Por Francisco Ardiles
El tipo de cine neosocial que se inaugura con el trabajo de Sergio Cabrera a principios de los años noventa, anticipa una filmografía de carácter social en la que se mezclan elementos de la ficción y el periodismo de calle que le sirve de cojín a la crónica policial. Este es una propuesta en la que el cine latinoamericano es protagonista, puesto que en sus productos se condensa la potencialidad de los principios de la denuncia social, la poética polidiscursiva de collage fílmico y un montaje improvisado en el que se compactan todos los géneros de la narración.

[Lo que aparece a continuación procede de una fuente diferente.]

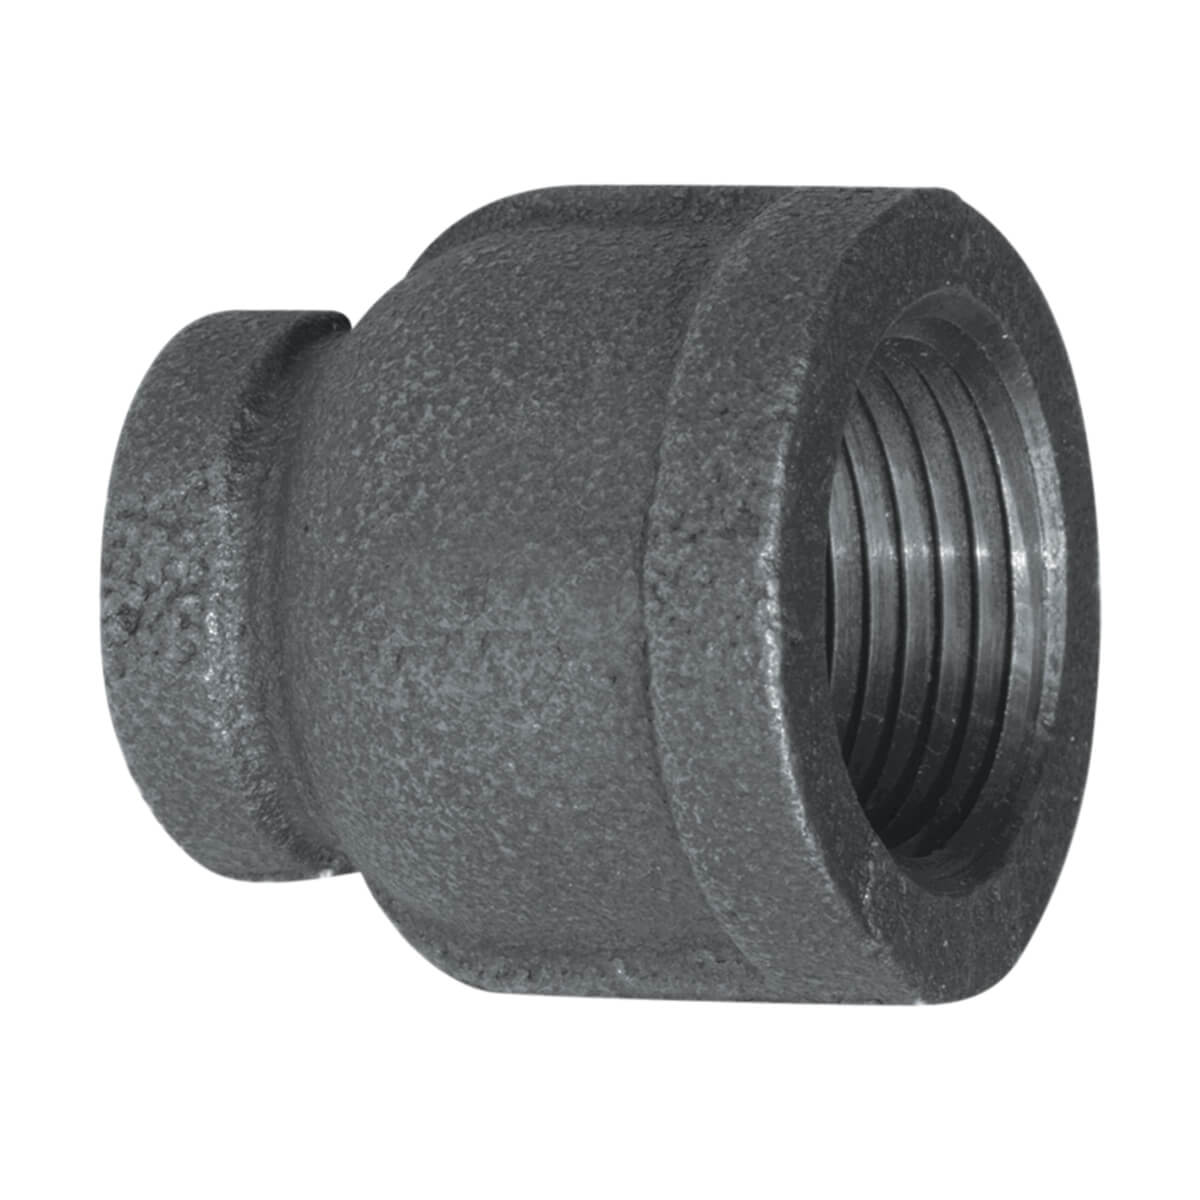 Fitting Black Iron Reducer Coupling - 1-in x 1/2-in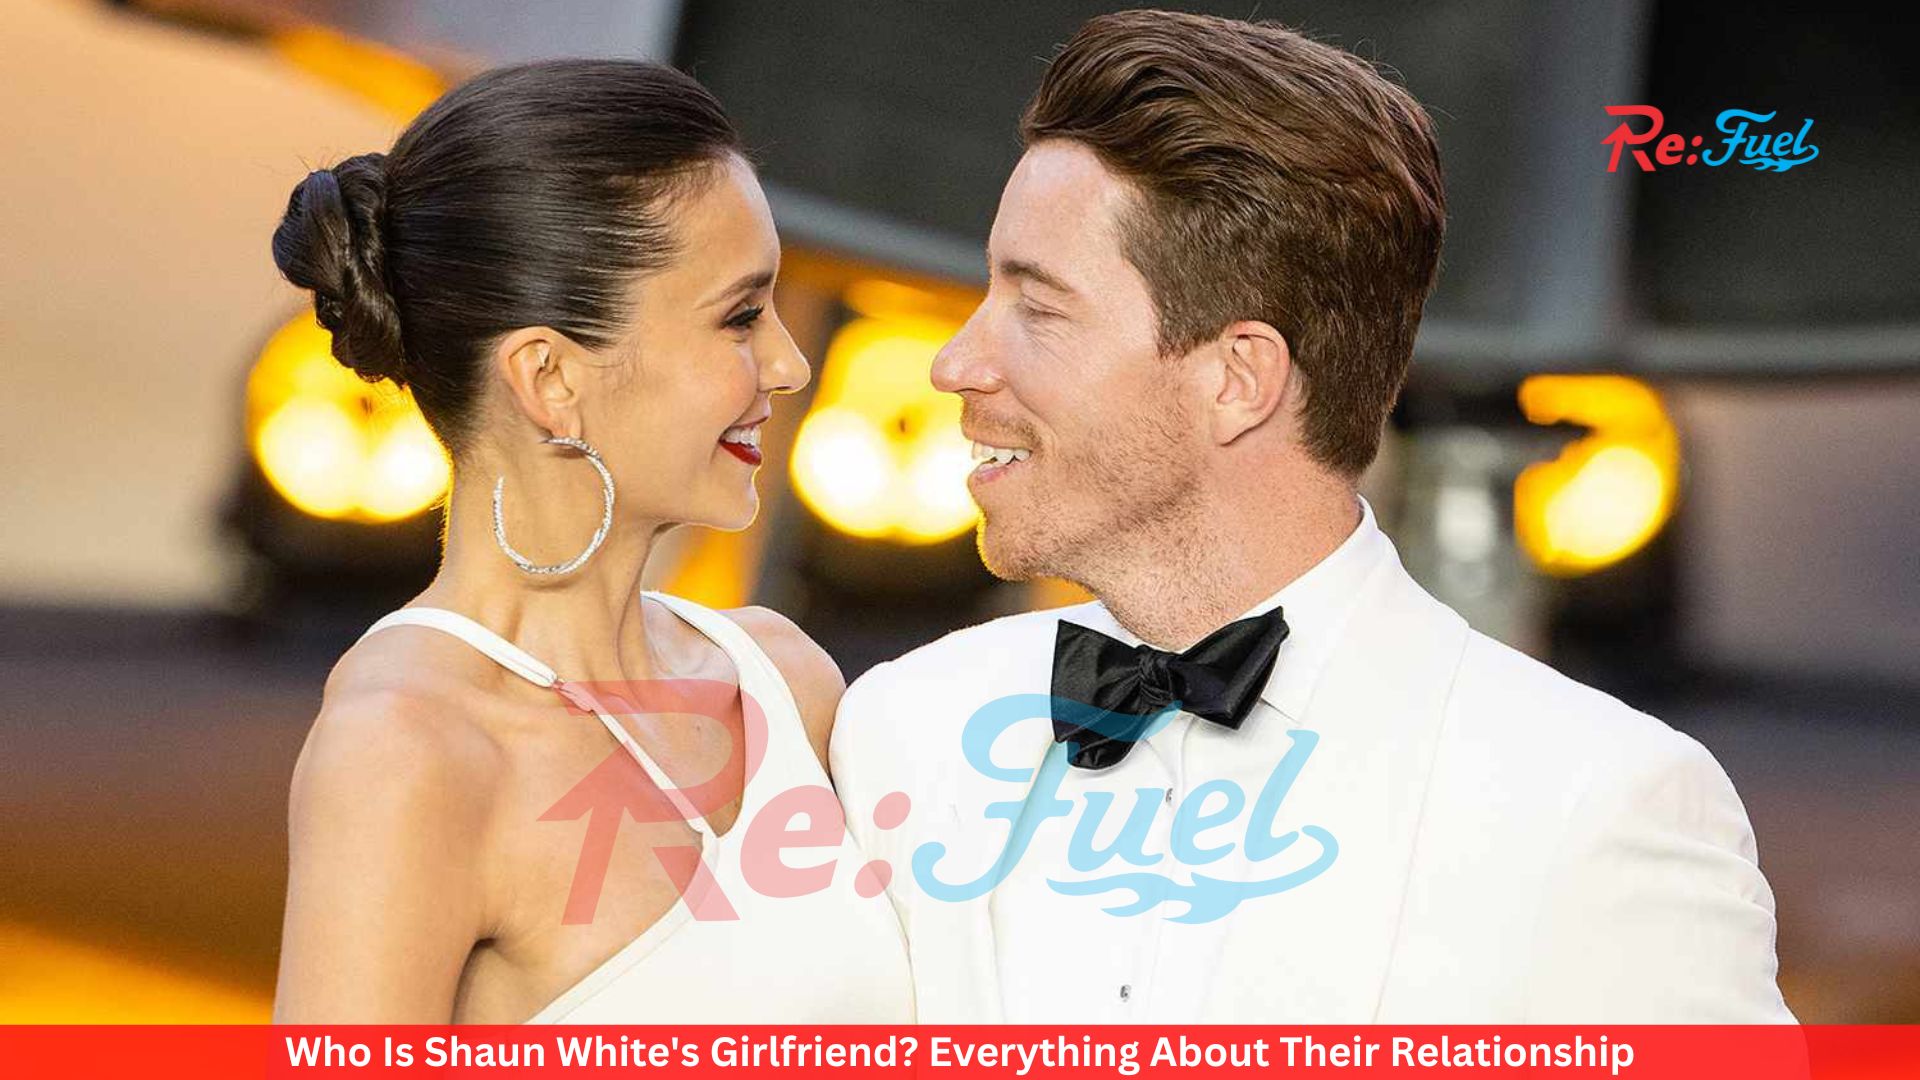 Who Is Shaun White's Girlfriend? Everything About Their Relationship

En esta estilo renovado del cine latinoamericano se utilizan los mejores recursos del género periodístico, del video clip, del novo cine, del cine imperfecto y del tercer cine, para entremezclar los tonos y las miradas de la heterogeneidad social que nuestra cotidianeidad urbana.
El cine social, que es el género polidiscursivo, dialógico y polivisual del que se habla en este momento, supone en el caso de Sergio Cabrera, la representación de un colectivo, de una versión coral de la trama de los hechos sociales cargada con una buena dosis de momentos de humor. En esta variante filmográfica se refleja una zona de la realidad social colombiana que está sujeta a los rigores de la influencia movediza de unas circunstancias específicas. Hay historias fílmicas que se refieren al tema de violencia urbana en determinados contextos y por diferentes razones. Esa especificidad define el desarrollo de la trama. En este caso el tema de la violencia se genera por la especulación inmobililiaria de la que es víctima la gente pobre.
En el cine de Sergio Cabrera, la violencia puede ser ocasionada por la pobreza en los centros poblados de la urbe, por el hacinamiento en un centro de detención judicial, por los celos en un iluso terrateniente, por una medida arbitraria de desalojo, por las emociones generadas por los sueños, por los embates de la inseguridad, por los clamores de la justicia, por los intereses comerciales de la droga, por el negocio del asesinato por encargo, por las enfermedades mentales. Por distintas razones y asuntos.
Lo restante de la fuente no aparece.